The Dirichlet distribution is an exponential family and can be written in canonical form as \[ \operatorname{Dirichlet}(\boldsymbol{\theta} \mid \boldsymbol{\alpha})=f(\boldsymbol{\theta}) g(\boldsymbol{\alpha}) e^{\phi(\boldsymbol{\alpha})^{T} u(\boldsymbol{\theta})} \] with \[ f(\boldsymbol{\theta})=1, g(\boldsymbol{\alpha})=1 / B(\boldsymbol{\alpha}) \] where \[ B(\boldsymbol{\alpha})=\prod_{t=1}^{D} \Gamma\left(\alpha_{t}\right) / \Gamma\left(\sum_{t=1}^{D} \alpha_{t}\right), \phi(\boldsymbol{\alpha})=\left(\begin{array}{c} \alpha_{1}-1 \\ \vdots \\ \alpha_{D}-1 \end{array}\right) \] and \[ u(\boldsymbol{\theta})=\left(\begin{array}{c} \ln \theta_{1} \\ \vdots \\ \ln \theta_{D} \end{array}\right) \]

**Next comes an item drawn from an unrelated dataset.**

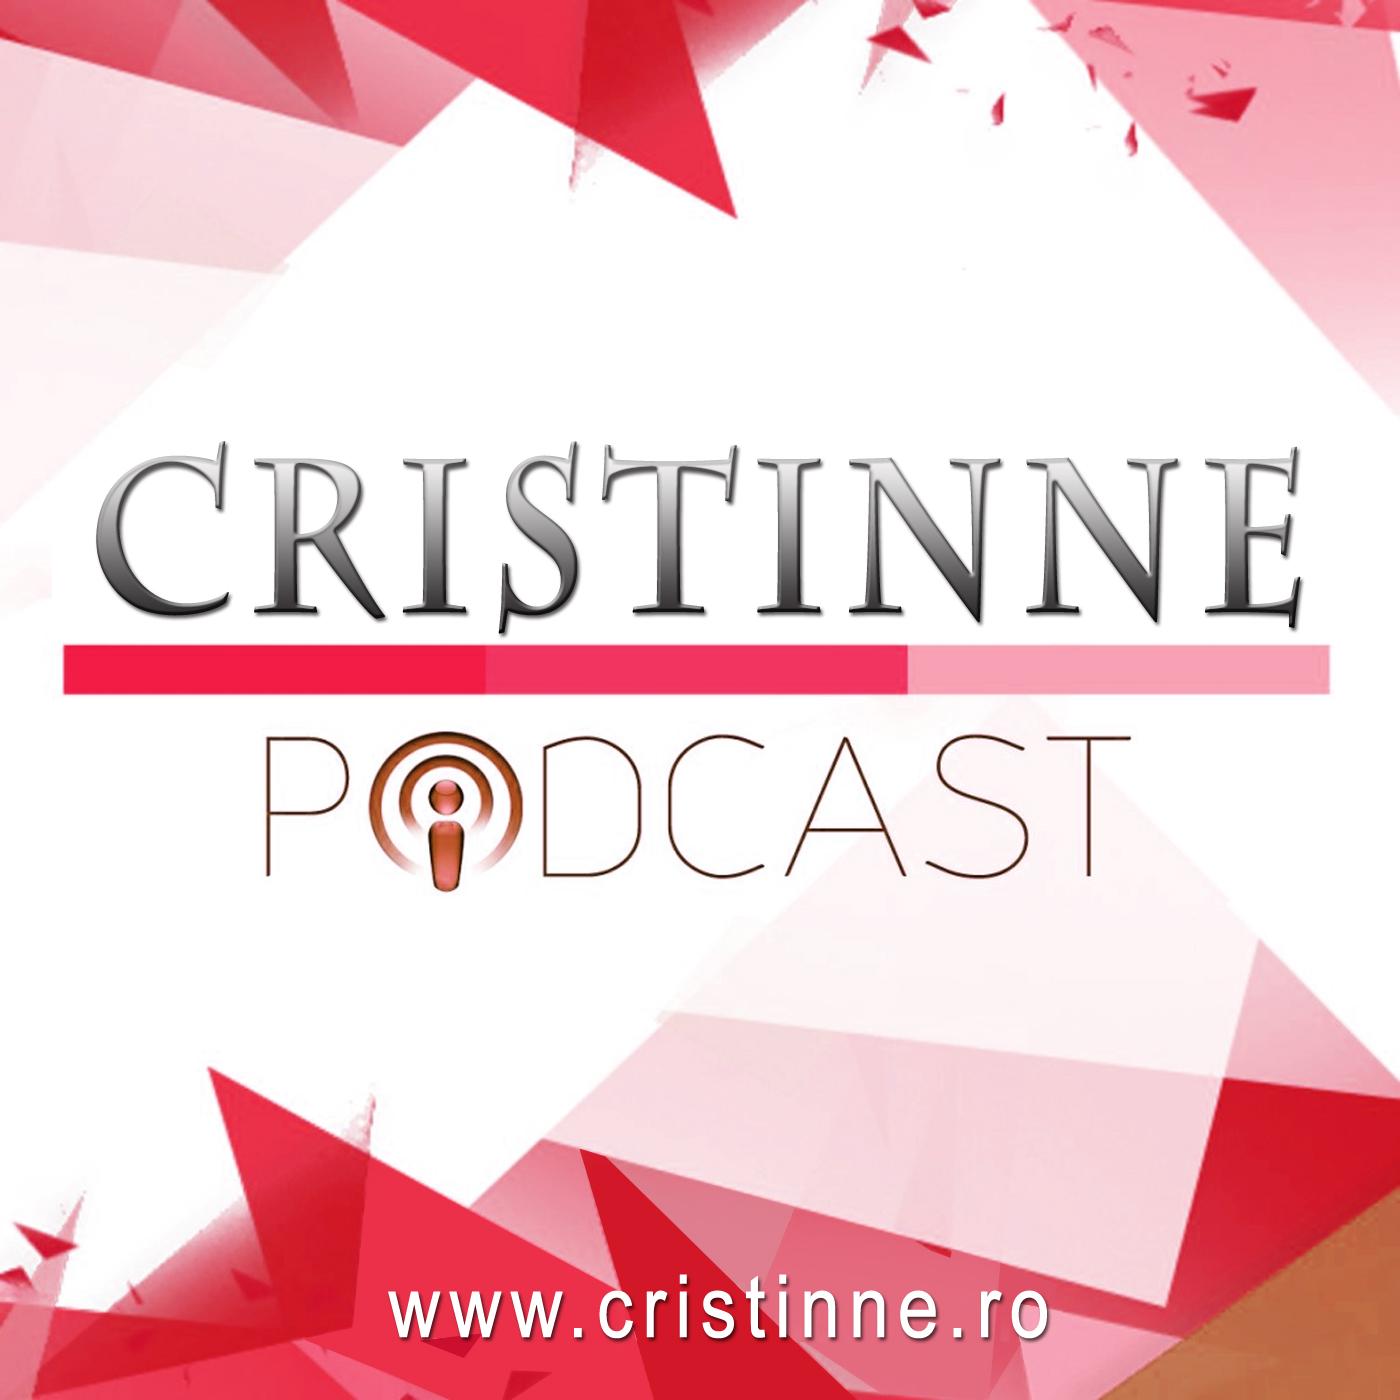 Cristinne Podcast | Afaceri online Marketing Dezvoltare personala

5 Conjugate prior for Dirichlet RVs

Lefkimmiatis, Maragos, and Papandreou (2009) argue:

Since for any member of the exponential family there exists a conjugate prior that can be written in the form \[ p(\boldsymbol{\alpha} \mid \mathbf{v}, \eta) \propto g(\boldsymbol{\alpha})^{\eta} e^{\phi(\boldsymbol{\alpha})^{T} \mathbf{v}} \] a suitable conjugate prior distribution for the parameters \(\boldsymbol{\alpha}\) of the Dirichlet is \[ p(\boldsymbol{\alpha} \mid \mathbf{v}, \eta) \propto \frac{1}{B(\boldsymbol{\alpha})^{\eta}} e^{-\sum_{t=1}^{D} v_{t} \alpha_{t}} \]

Wikipedia claims that there is no efficient means for sampling from this, which is sad for MCMC. Generally this does not bother people because we rarely observe Dirichlet RVs directly; they are usually, e.g. a mixing probability for some other distribution.

6 Non-conjugate priors

Anything that can be transformed to be an elementwise positive vector, presumably. multivariate gamma seems natural.

7 References

Devroye. 1986. Non-uniform random variate generation.

Dufresne. 1998. “Algebraic Properties of Beta and Gamma Distributions, and Applications.” Advances in Applied Mathematics.

Lefkimmiatis, Maragos, and Papandreou. 2009. “Bayesian Inference on Multiscale Models for Poisson Intensity Estimation: Applications to Photon-Limited Image Denoising.” IEEE Transactions on Image Processing.

Lin. 2016. “On The Dirichlet Distribution.”

Pérez-Abreu, and Stelzer. 2014. “Infinitely Divisible Multivariate and Matrix Gamma Distributions.” Journal of Multivariate Analysis.

Yor. 2007. “Some Remarkable Properties of Gamma Processes.” In Advances in Mathematical Finance. Applied and Numerical Harmonic Analysis.